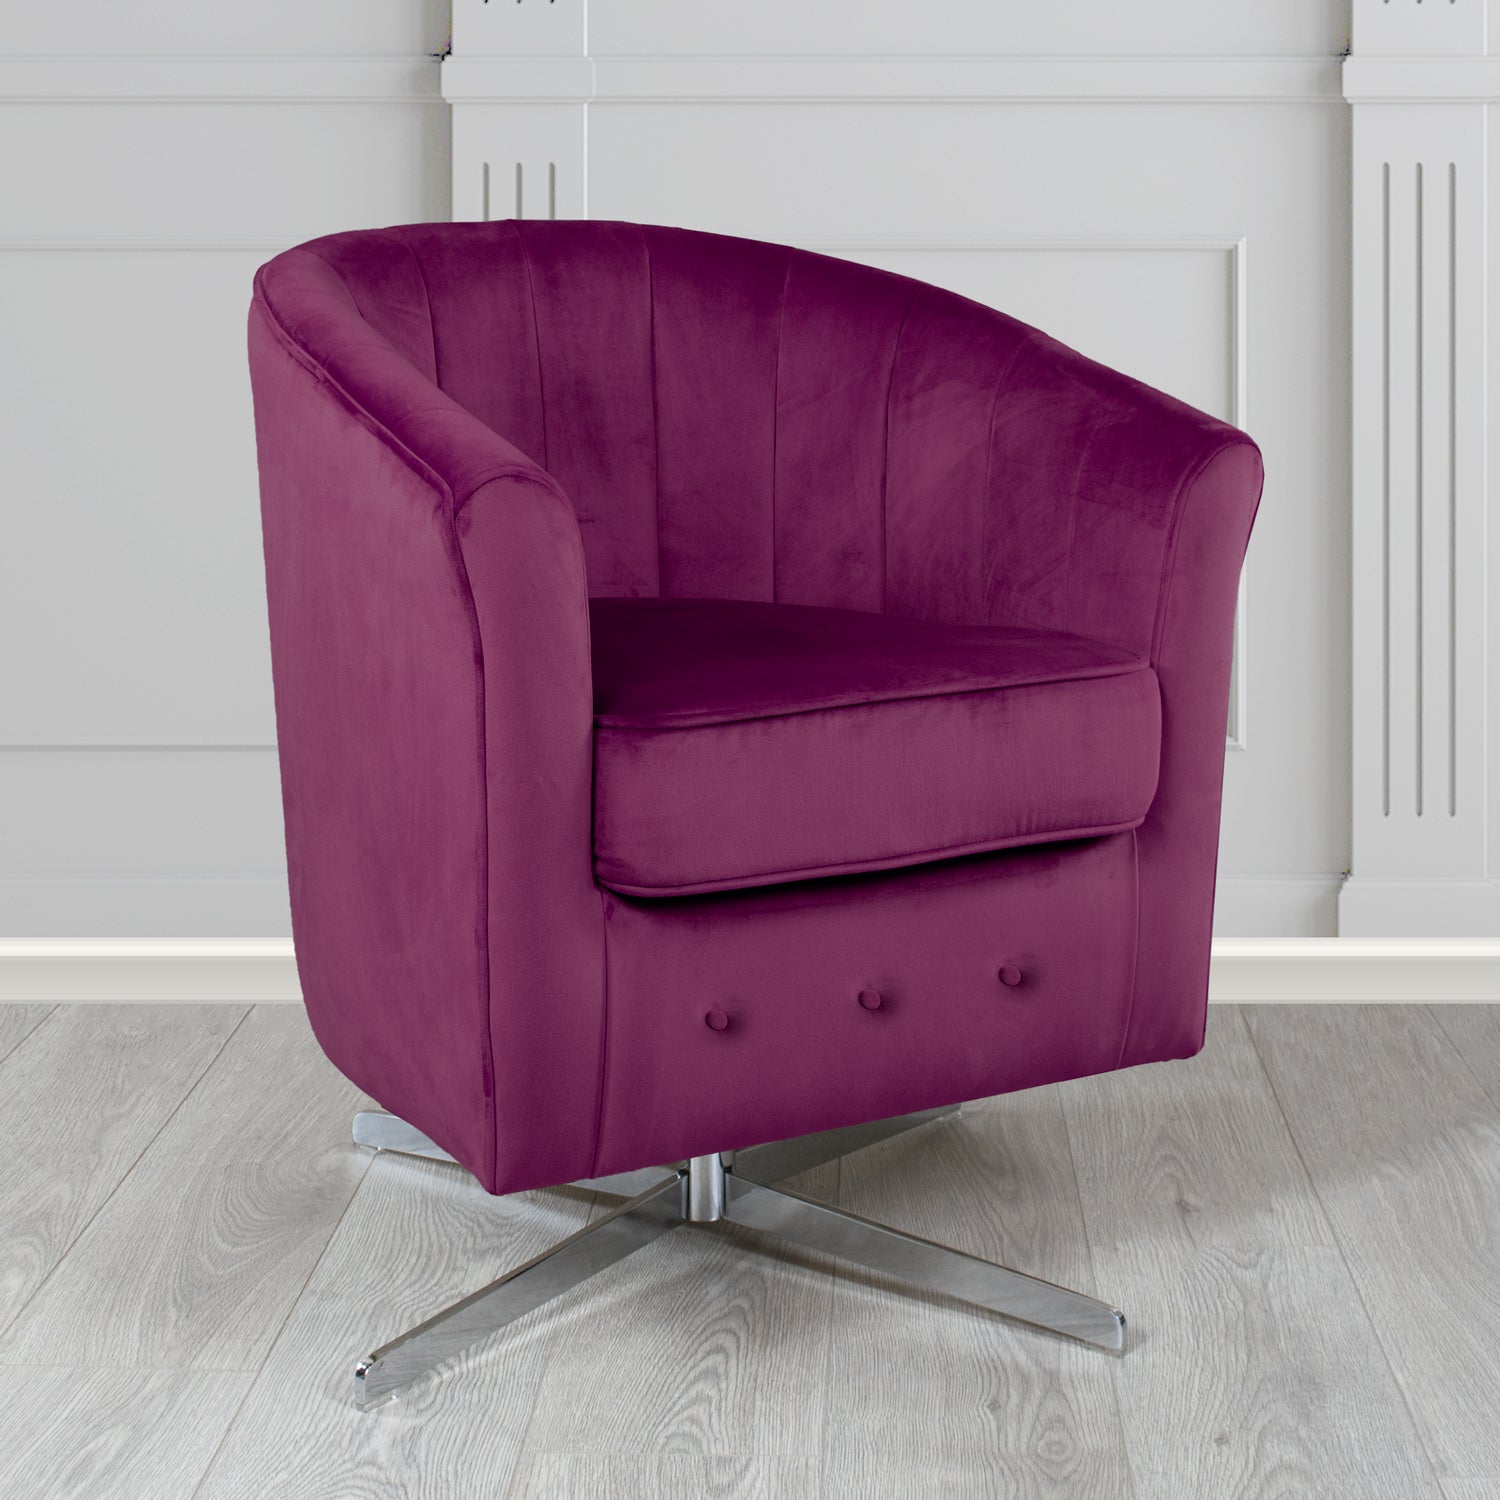 Doha Monaco Amethyst Plain Velvet Fabric Swivel Tub Chair - The Tub Chair Shop
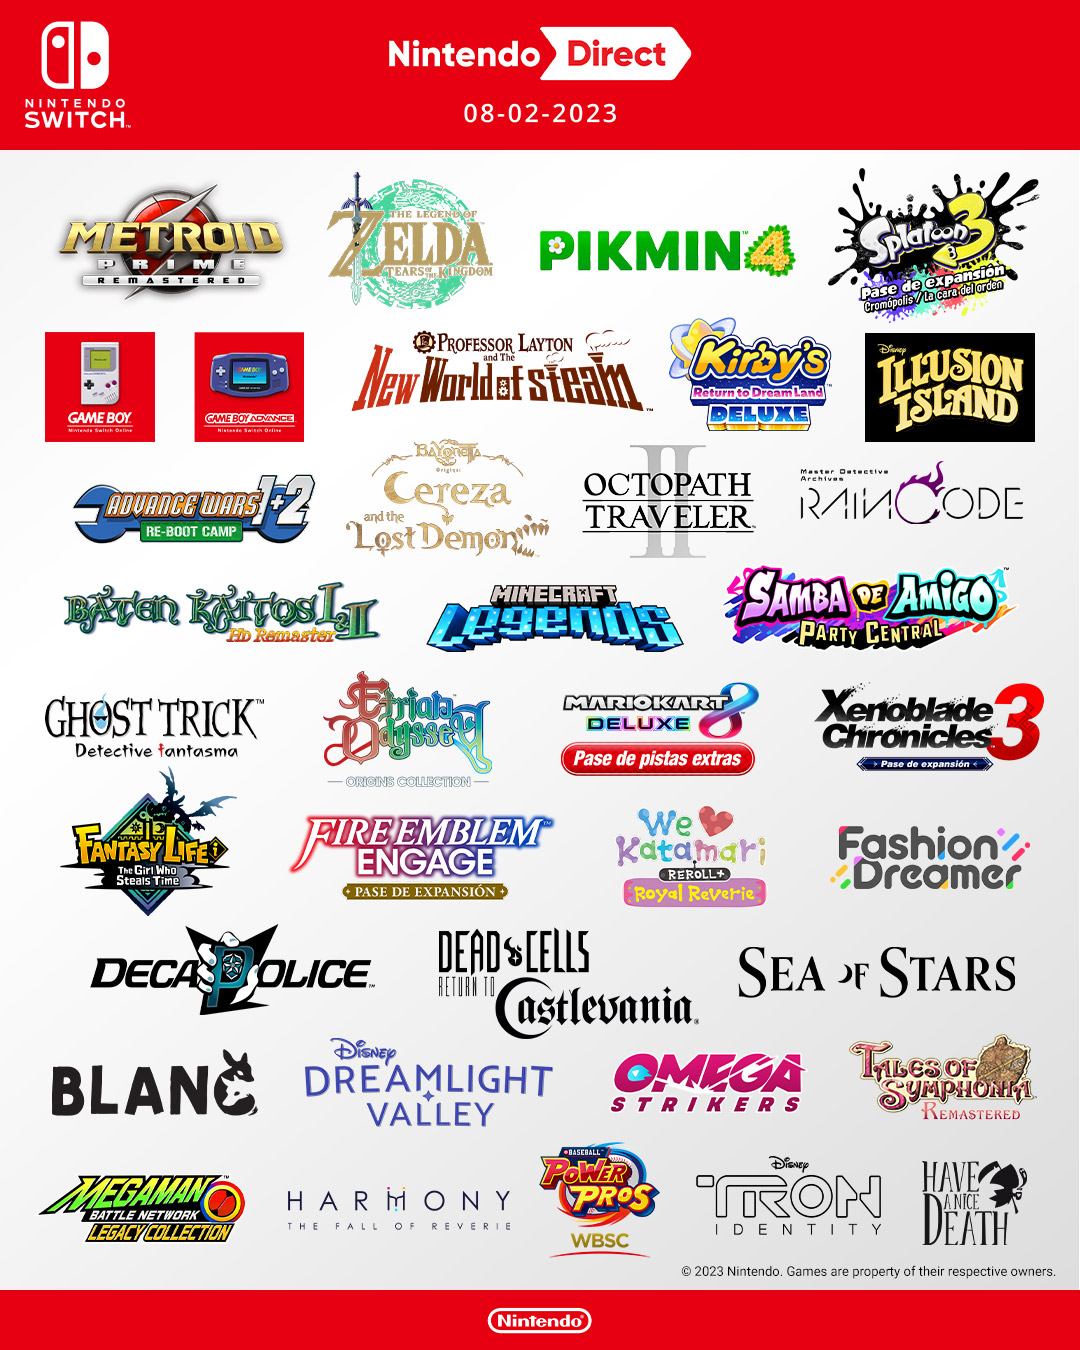 Nintendo recopila en esta imagen todos los juegos del último Direct
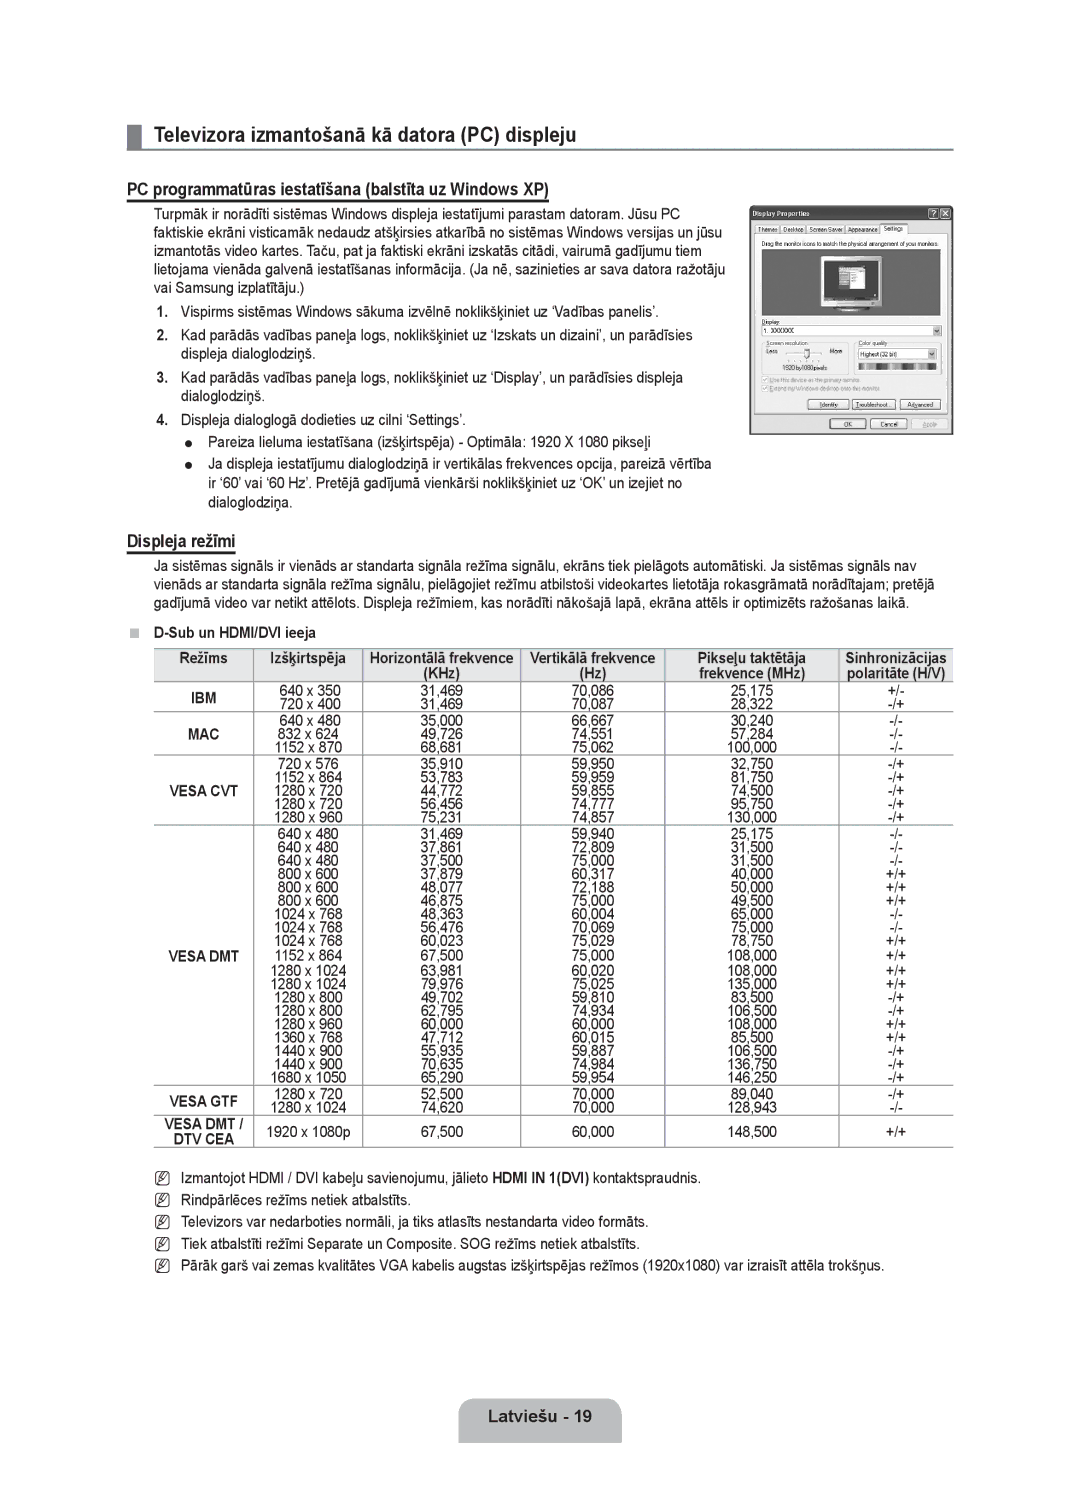 Samsung UE40B6000VWXXC Televizora izmantošanā kā datora PC displeju, PC programmatūras iestatīšana balstīta uz Windows XP

Action item: Transcribe the whole of the data exactly, minus any pictures.

Reply to the exercise:
 Doha Monaco Amethyst Plain Velvet Fabric Swivel Tub Chair - The Tub Chair Shop
 Nintendo recopila en esta imagen todos los juegos del último Direct
 Samsung UE40B6000VWXXC Televizora izmantošanā kā datora PC displeju, PC programmatūras iestatīšana balstīta uz Windows XP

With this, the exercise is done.